- Data segment:
'''

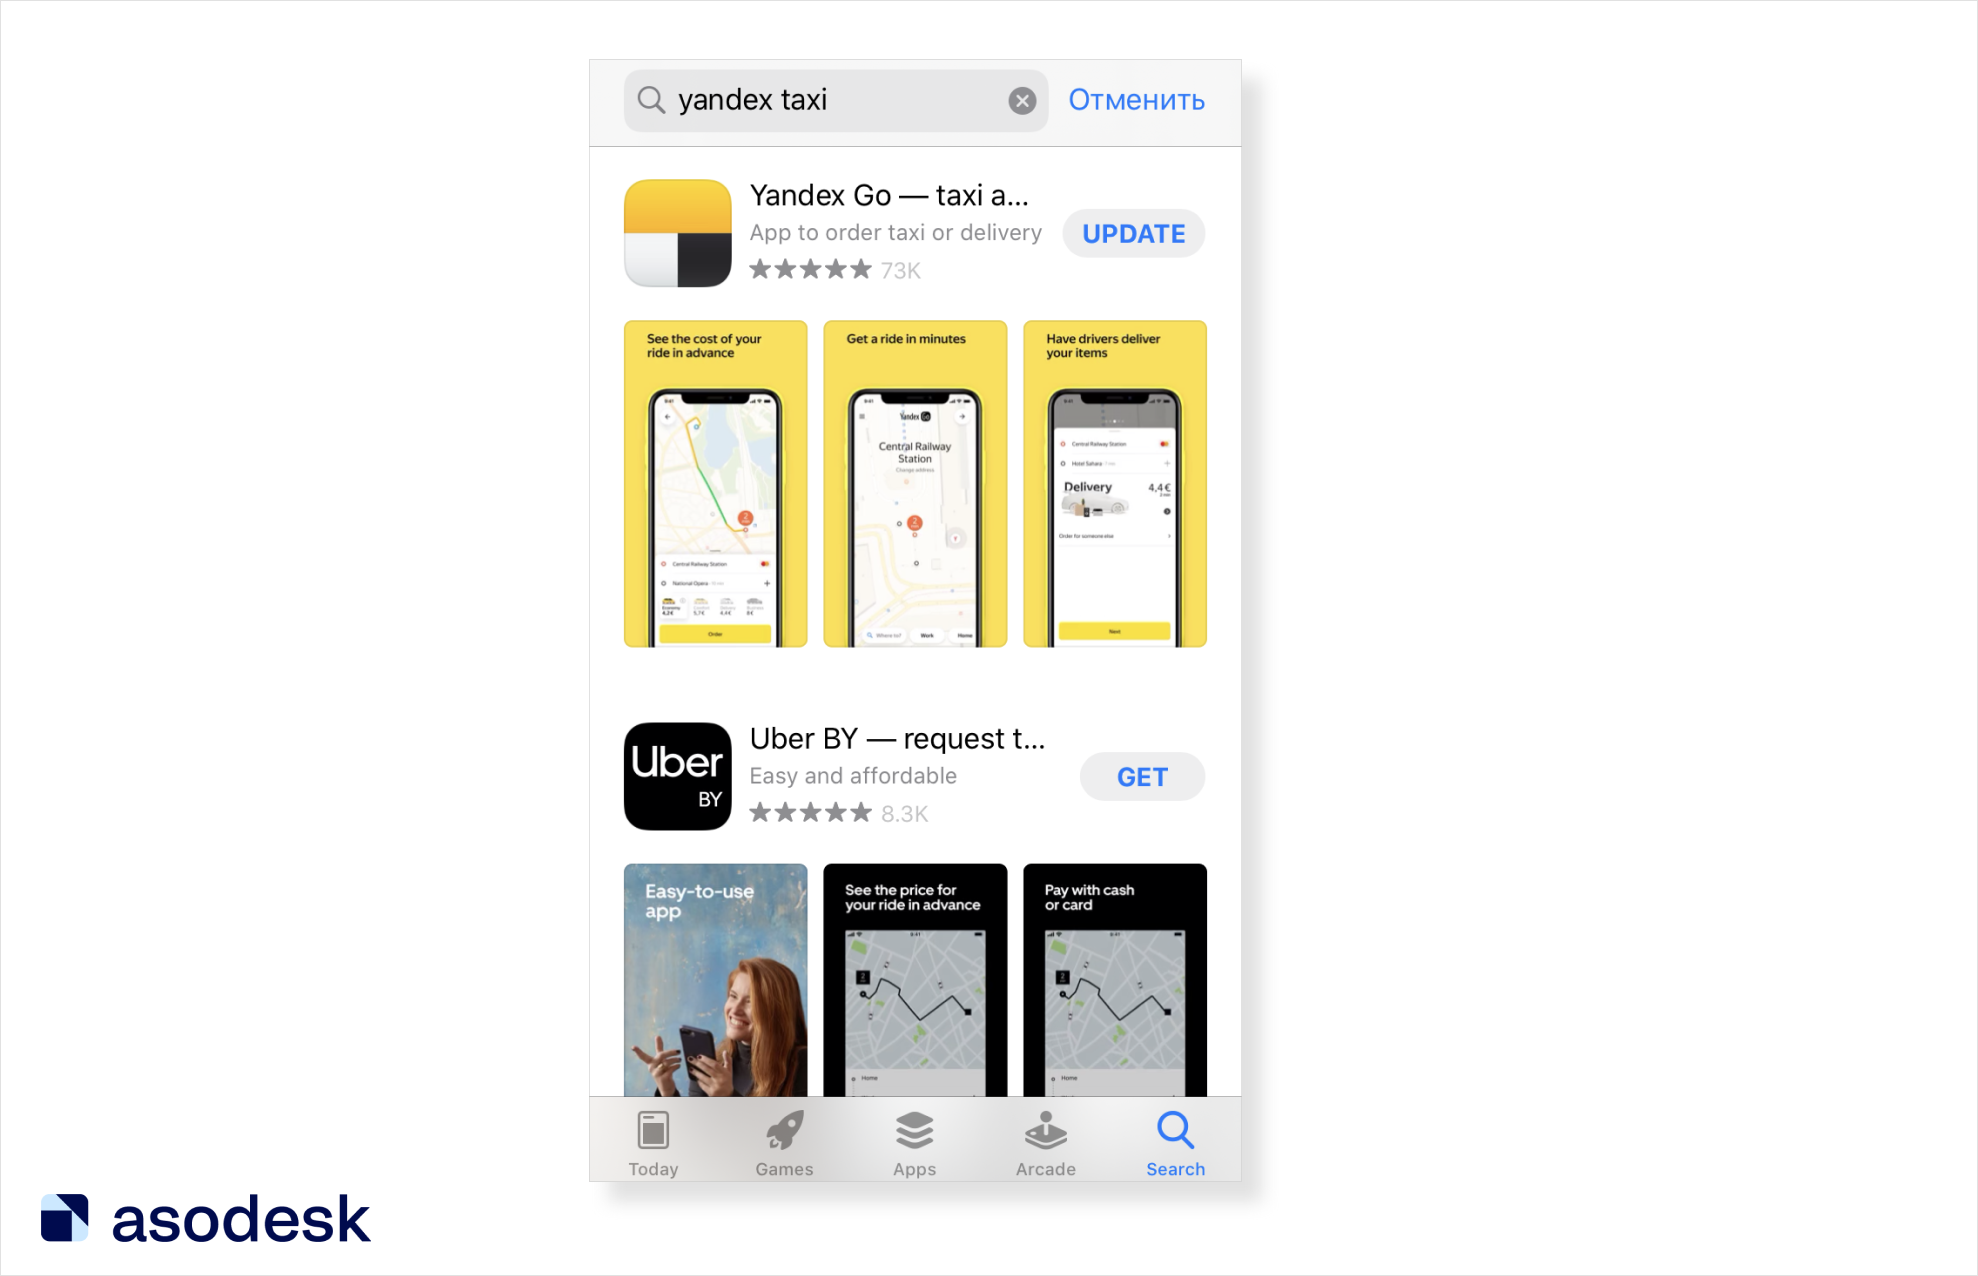 Поисковая выдача по запросу Yandex в App Store
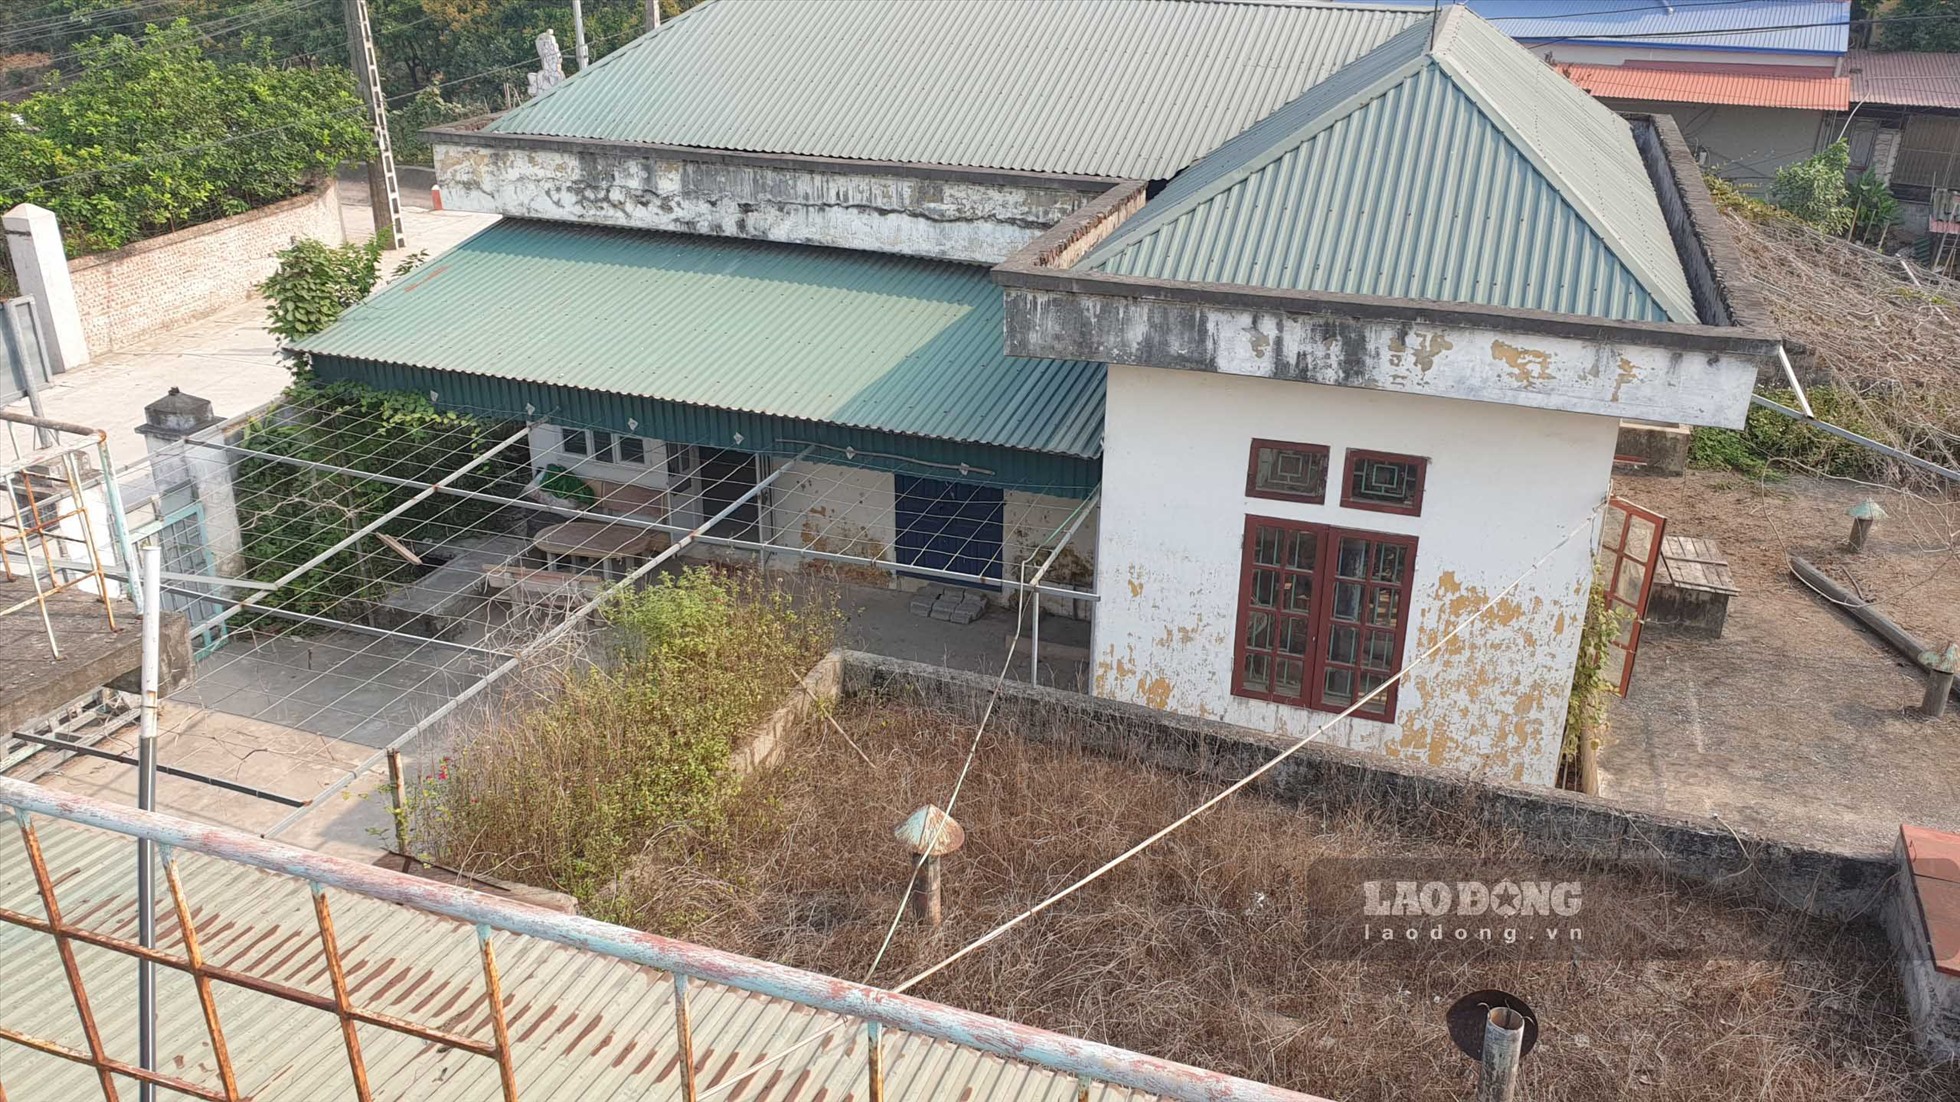 Nhà máy này đi vào hoạt động từ năm 2014, nhưng đã bỏ hoang cách đây 5 năm,  do UBND tỉnh Hưng Yên đã có văn bản về đảm bảo nguồn nước sạch, quy định các nhà máy nước sạch phải sử dụng nguồn nước mặt hoặc nước ngầm. Trong khi đó, nhà máy lấy nguồn từ nước nội đồng, không đảm bảo vệ sinh.
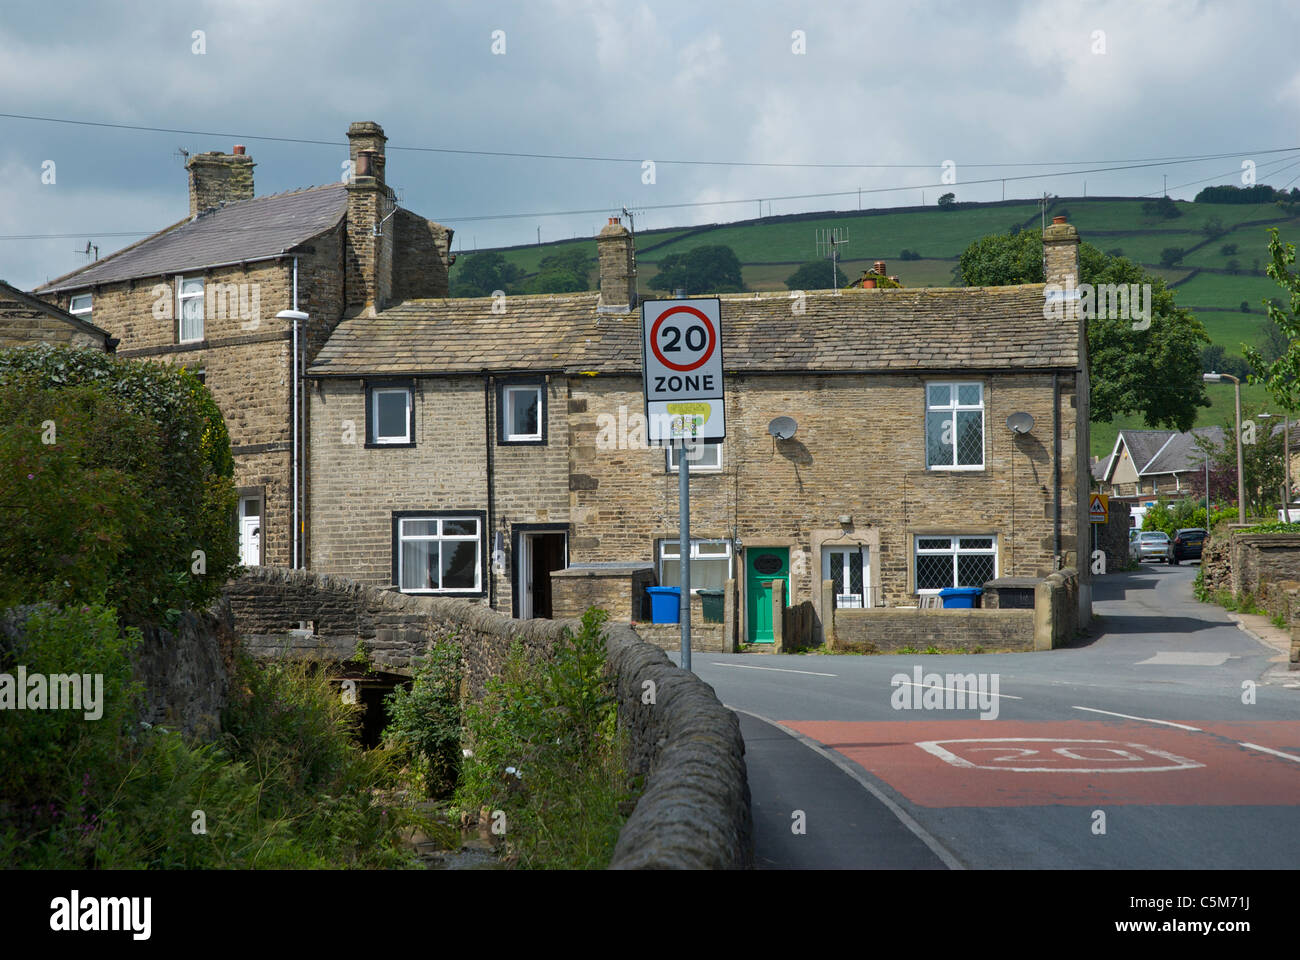 Límite de velocidad de 20mph, en la aldea de Cononley, North Yorkshire, Inglaterra Foto de stock
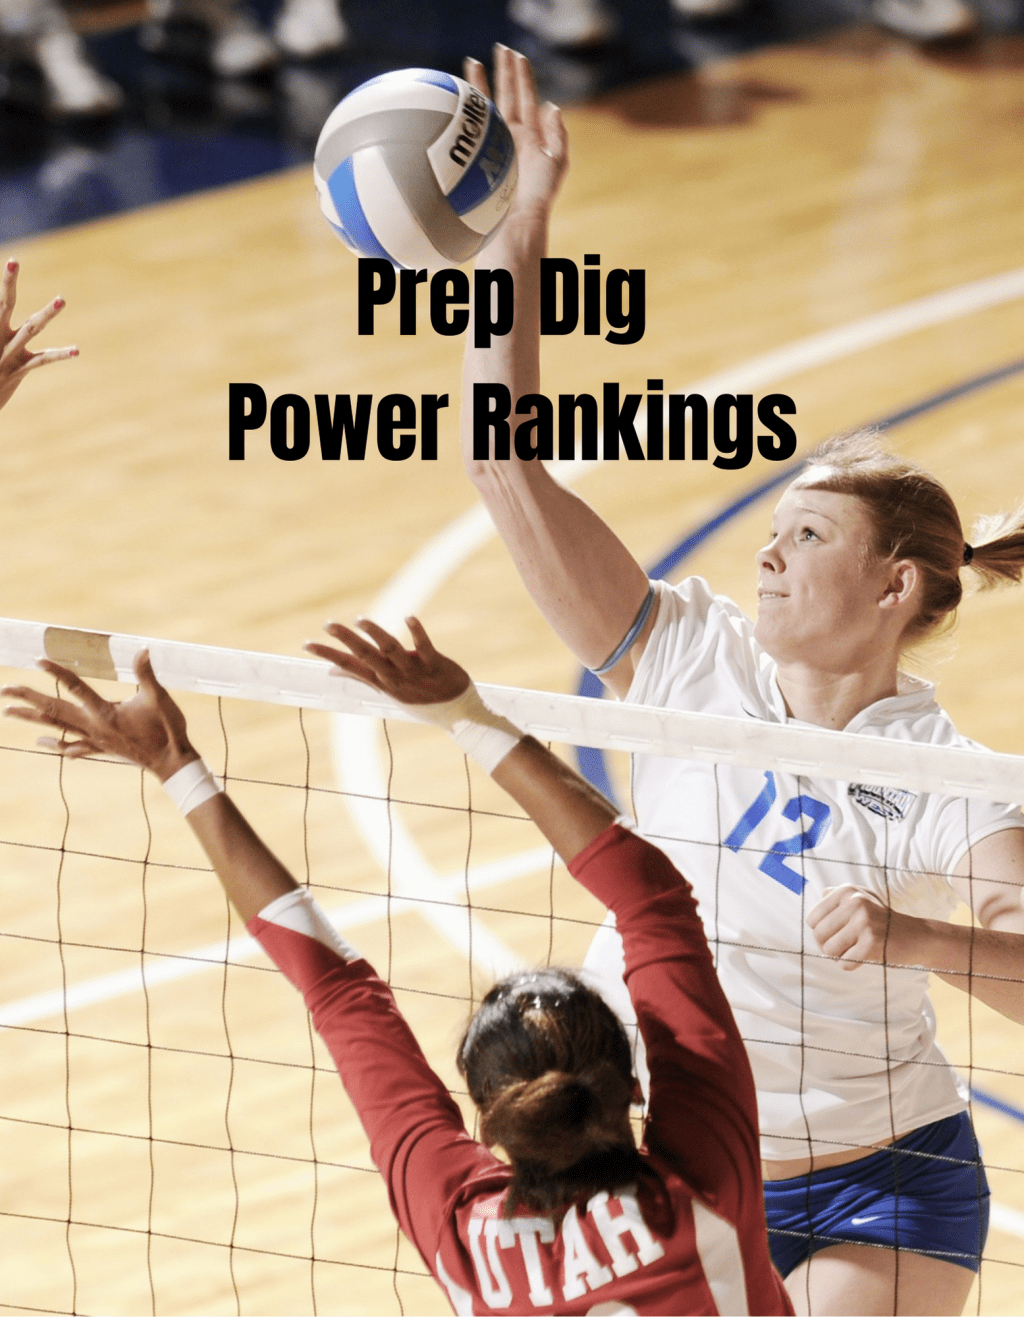 Prep Dig Power Rankings

'''

Print the material above word for word, and keep the pictures out of it.

- Written response:
 Поисковая выдача по запросу Yandex в App Store
 Nhà máy này đi vào hoạt động từ năm 2014, nhưng đã bỏ hoang cách đây 5 năm,  do UBND tỉnh Hưng Yên đã có văn bản về đảm bảo nguồn nước sạch, quy định các nhà máy nước sạch phải sử dụng nguồn nước mặt hoặc nước ngầm. Trong khi đó, nhà máy lấy nguồn từ nước nội đồng, không đảm bảo vệ sinh.
 Límite de velocidad de 20mph, en la aldea de Cononley, North Yorkshire, Inglaterra Foto de stock
 Prep Dig Power Rankings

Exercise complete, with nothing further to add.